Example 1. Find the projection of the vector 4\hat i + 2\hat j + \hat k  and 5\hat i -3\hat j + 3\hat k     .

Solution:

Here, \vec{a}=4\hat i + 2\hat j + \hat k \\\vec{b}=5\hat i -3\hat j + 3\hat k             .

We know, projection of Vector a on Vector b = \frac{\vec{a}.\vec{b}}{|b|}

\dfrac{(4.(5) + 2(-3) + 1.(3))}{|\sqrt{5^2 + (-3)^2 + 3^2}|}\\=\dfrac{17}{\sqrt{43}}

Example 2. Find the projection of the vector 5\hat i + 4\hat j + \hat k              and 3\hat i + 5\hat j - 2\hat k

Solution:

Here, \vec{a}=5\hat i + 4\hat j + \hat k \\\vec{b}=3\hat i + 5\hat j - 2\hat k.

We know, projection of Vector a on Vector b = \frac{\vec{a}.\vec{b}}{|b|}

\dfrac{(5.(3) + 4(5) + 1.(-2))}{|\sqrt{3^2 + 5^2 + (-2)^2}|}\\=\dfrac{33}{\sqrt{38}}

Example 3. Find the projection of the vector 5\hat i - 4\hat j + \hat k           and 3\hat i - 2\hat j + 4\hat k

Solution:

Here, \vec{a}=5\hat i - 4\hat j + \hat k \\\vec{b}=3\hat i - 2\hat j + 4\hat k.

We know, projection of Vector a on Vector b = \frac{\vec{a}.\vec{b}}{|b|}

\dfrac{(5.(3) + ((-4).(-2)) + 1.(4))}{|\sqrt{3^2 + (-2)^2 + (4)^2}|}\\=\dfrac{49}{\sqrt{29}}

Example 4. Find the projection of the vector 2\hat i - 6\hat j + \hat k and 8\hat i - 2\hat j + 4\hat k .

Solution:

Here, \vec{a}=2\hat i - 6\hat j + \hat k \\\vec{b}=8\hat i - 2\hat j + 4\hat k

We know, projection of Vector a on Vector b = \frac{\vec{a}.\vec{b}}{|b|}

\dfrac{(2.(8) + ((-6).(-2)) + 1.(4))}{|\sqrt{8^2 + (-2)^2 + (4)^2}|}\\=\dfrac{32}{\sqrt{84}}

Example 5. Find the projection of the vector 2\hat i - \hat j + 5\hat k and 4\hat i - \hat j + \hat k.

Solution:

Here, \vec{a}=2\hat i - \hat j + 5\hat k \\\vec{b}=4\hat i - \hat j + \hat k.

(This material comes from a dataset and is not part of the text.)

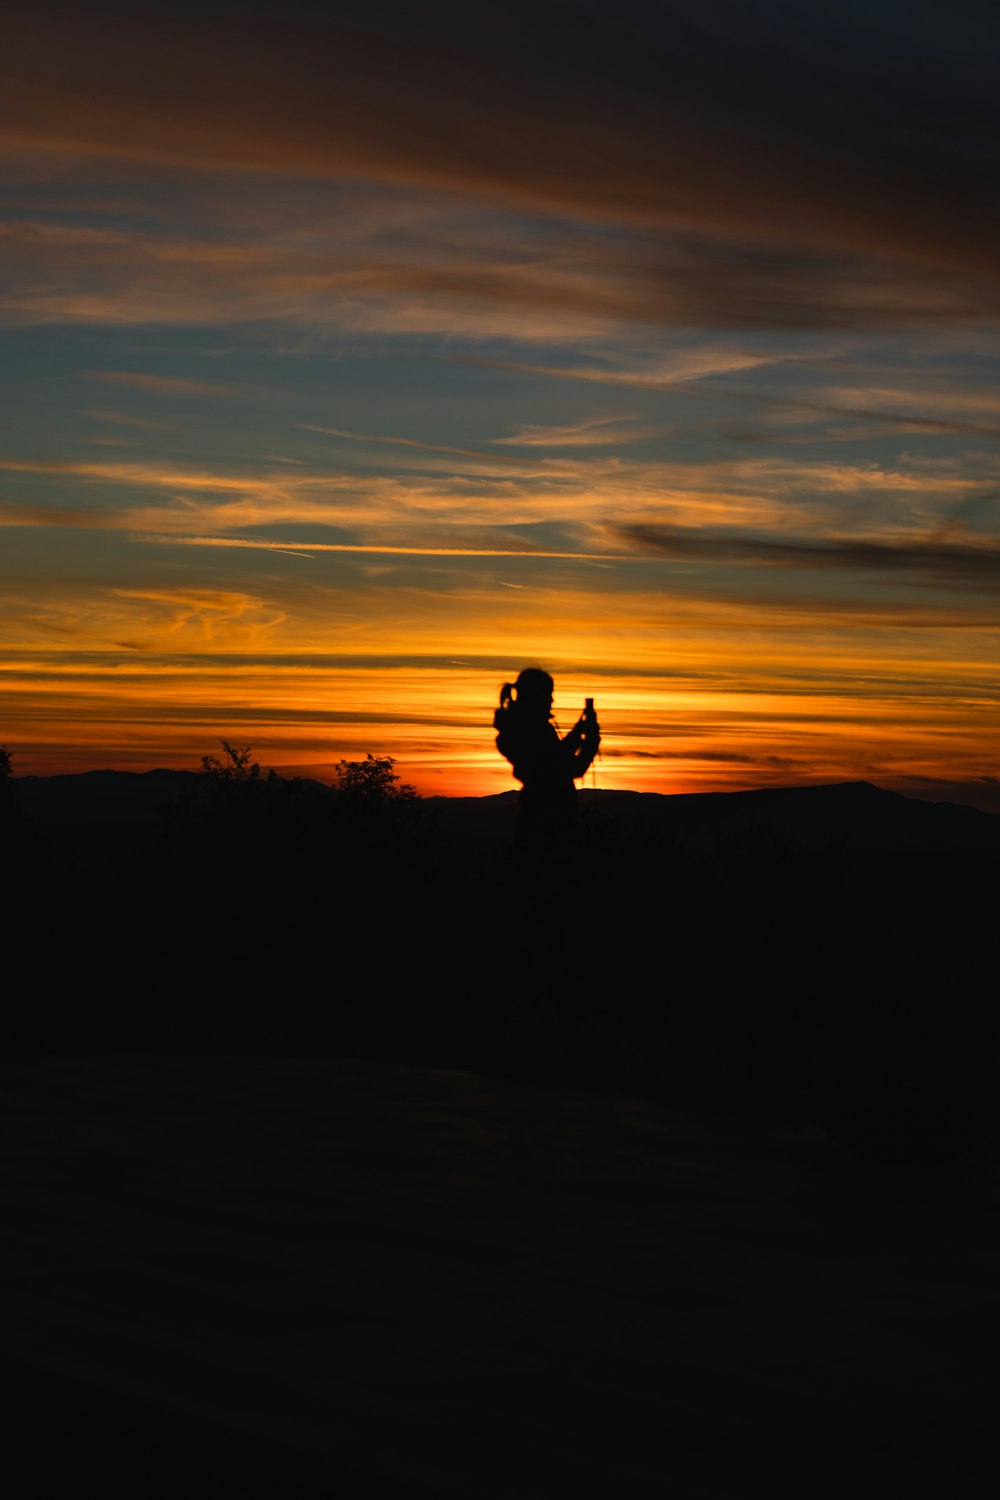 a silhouette of a person and a dog on a hill at sunset

We know, projection of Vector a on Vector b = \frac{\vec{a}.\vec{b}}{|b|}

\dfrac{(2.(4) + ((-1).(-1)) + 5.(1))}{|\sqrt{4^2 + (-1)^2 + (1)^2}|}\\=\dfrac{14}{\sqrt{18}}

Vector Projection – FAQs

1. Define Projection Vector.

The Projection Vector is the shadow of a vector on another vector.

2. What is the Formula for Projection of Vector?

The Formula for Projection of Vector is given as \frac{\vec A.\vec B}{|\vec B|}

3. How to Find Projection Vector?

The projection vector is found by calculating the dot product of the two vectors divided by the on which the shadow is cast.

4. What are Concepts Required to Calculate Projection Vector?

We need to know the angle between two vectors and dot product of two vectors to calculate vector projection.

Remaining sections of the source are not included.